Personal information
- Full name: Peter Chríbik
- Date of birth: 2 February 1999 (age 27)
- Place of birth: Žilina, Slovakia
- Height: 1.87 m (6 ft 2 in)
- Position: Defender

Team information
- Current team: Draßburg

Youth career
- Žilina

Senior career*
- Years: Team / Apps / (Gls)
- 2016–2020: Žilina B / 45 / (0)
- 2020: → Pohronie (loan) / 9 / (0)
- 2020: Pohronie / 14 / (0)
- 2021: Nitra / 8 / (0)
- 2021: Púchov / 7 / (1)
- 2022: Draßburg / 13 / (0)
- 2022: Javorník Makov / 10 / (2)
- 2023: Petržalka / 6 / (0)
- 2023–: SC-ESV Parndorf 1919 / 15 / (4)

= Peter Chríbik =

Slovak footballer (born 1999)

Peter Chríbik (born 2 February 1999) is a Slovak defensive footballer.

==Club career==
===MŠK Žilina reserves===
Chríbik made his debut in DOXXXbet liga on 9 March 2016. He came on as a replacement for Rastislav Václavik, who suffered an injury, in a fixture against Senec, during the first half. Žilina B went on to win 1:3.

===FK Pohronie===
On 8 February 2020, Žilina had announced that Chríbik and forward Roland Gerebenits, will join Pohronie on half-season loan. In Chríbik's case, it was noted as a first experience with senior football, as in Žilina he failed to make it to the senior squad, playing for the reservers only. Chríbik's contract therefore included an option to buy. Gerebenits, however, was expected to return to Žilina, with Pohronie providing him with senior football play-time to definitively penetrate Žilina's first squad. During the autumn half of the season, Pohronie already hosted former Žilina player Michal Klec.

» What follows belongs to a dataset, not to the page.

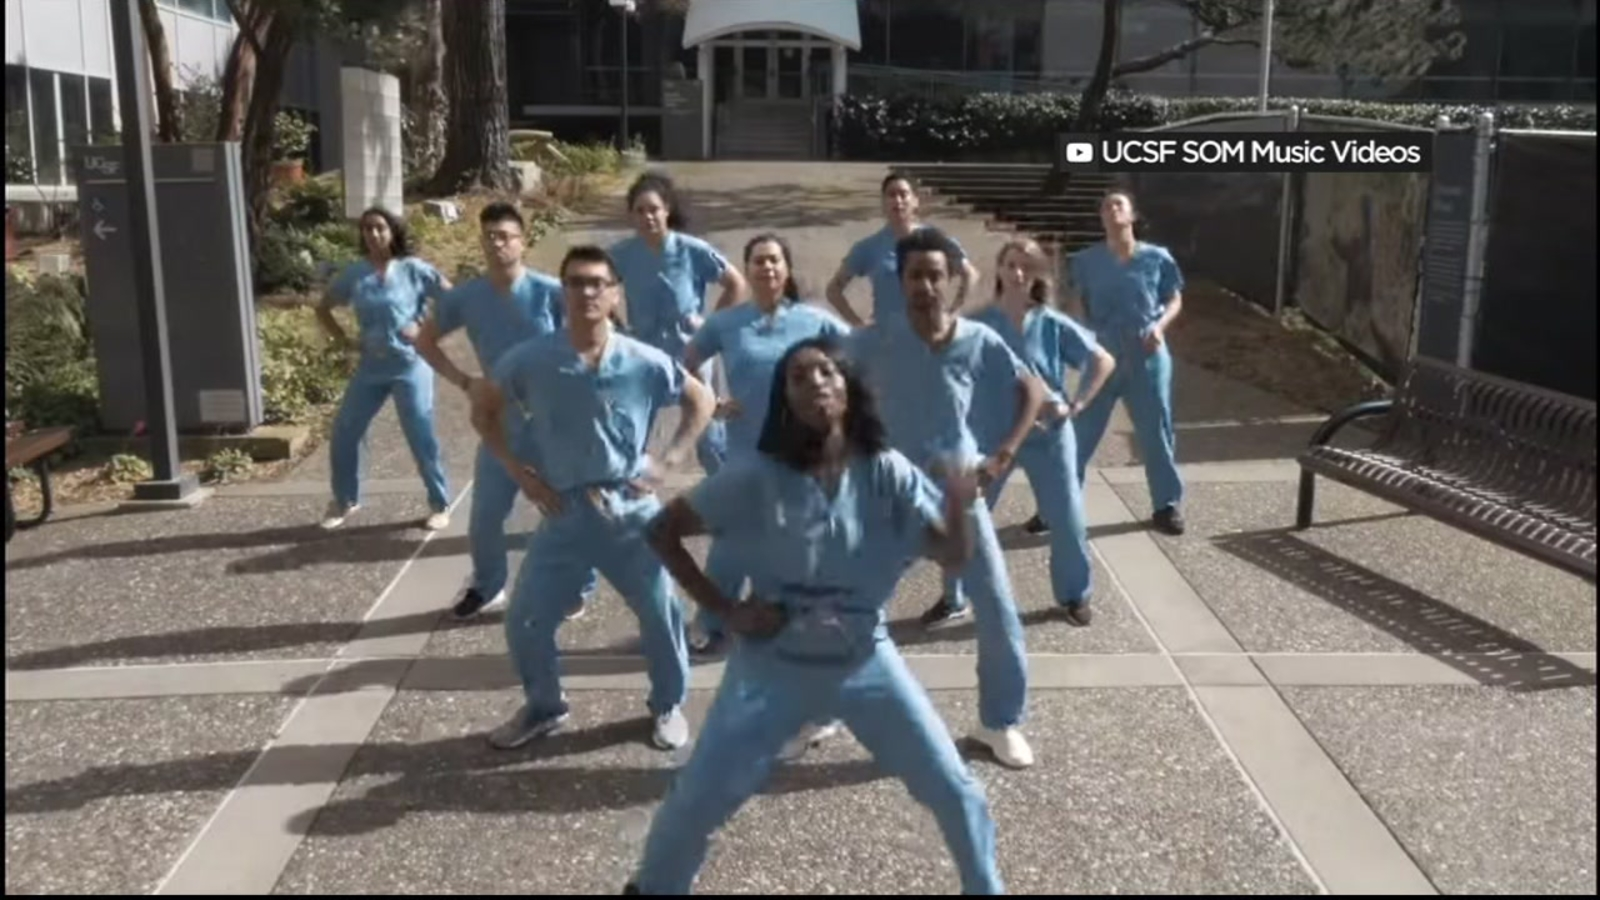 UCSF medical students make an inspiring recruitment video

Chríbik made his Fortuna Liga debut on 15 February 2020, at pod Zoborom, in a goal-less tie against the home side, Nitra. Chríbik entered the pitch in the 76th minute as a tactical replacement for Peter Mazan, with the primary aim of maintaining Tomáš Jenčo's clean sheet. Gerebenits also made an appearance in this match, in the starting line-up. He was replaced some ten minutes before Chríbik's fielding.

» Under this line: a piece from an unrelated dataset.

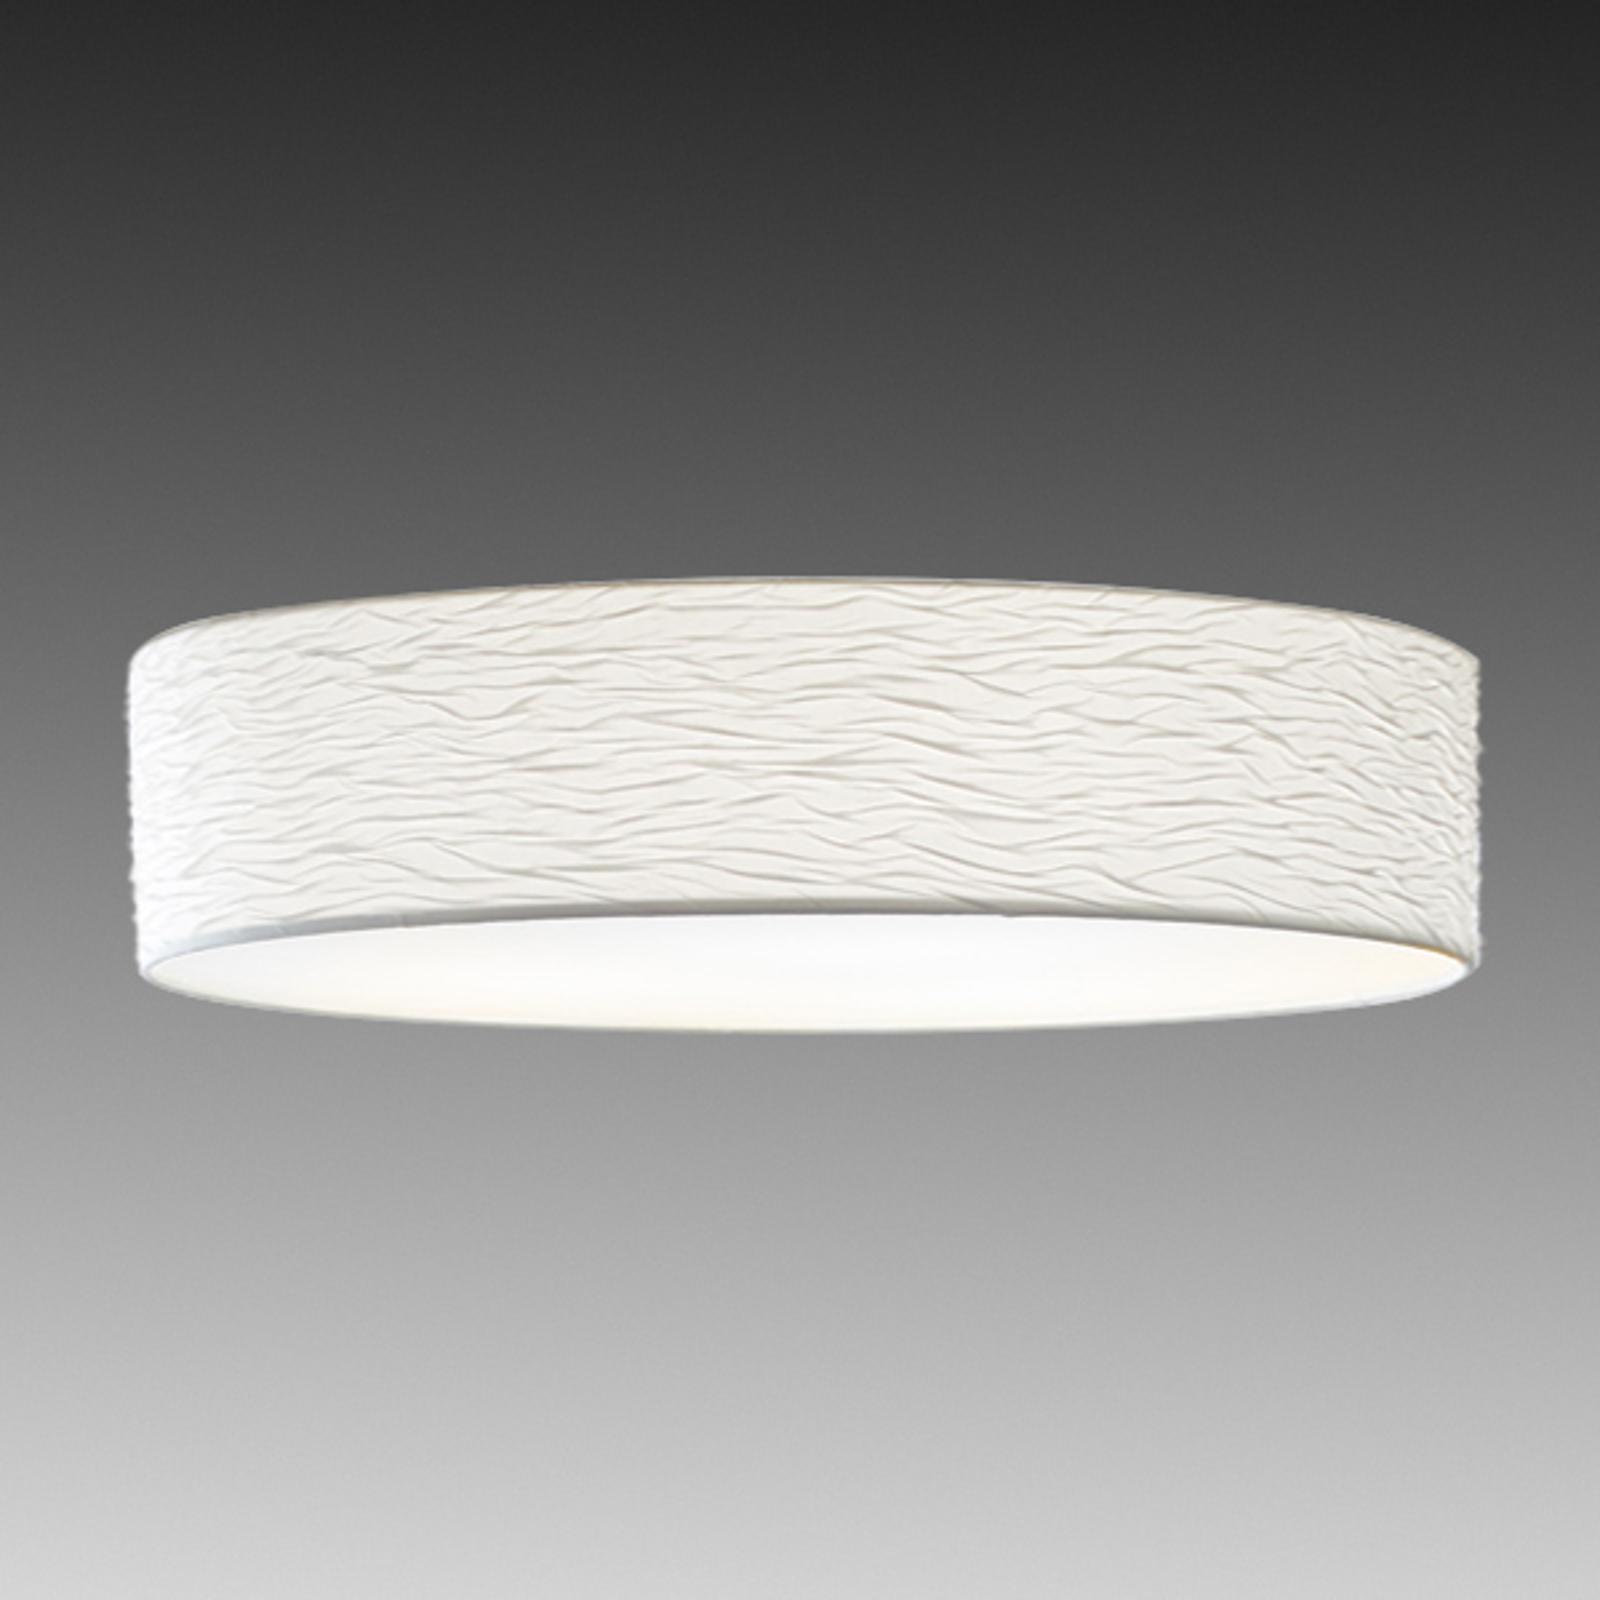 Lampa sufitowa Vita 6, z zabawnymi falami

Chribík then made his starting-XI debut in the following round against his mother club of MŠK Žilina, on 22 February 2020. He played as a defensive midfielder along with Michal Obročník. Despite a solid and a long-resisting performance, Pohronie went on to lose, at home, 0:1, with the match's sole goal scored by Polish youth international Dawid Kurminowski in the second half, after he had replaced Lukáš Jánošík.

He departed from the club in January 2021, after he was no longer a part of the plans of Jan Kameník.

===FC Nitra===
In February 2021, Chríbik signed with Nitra.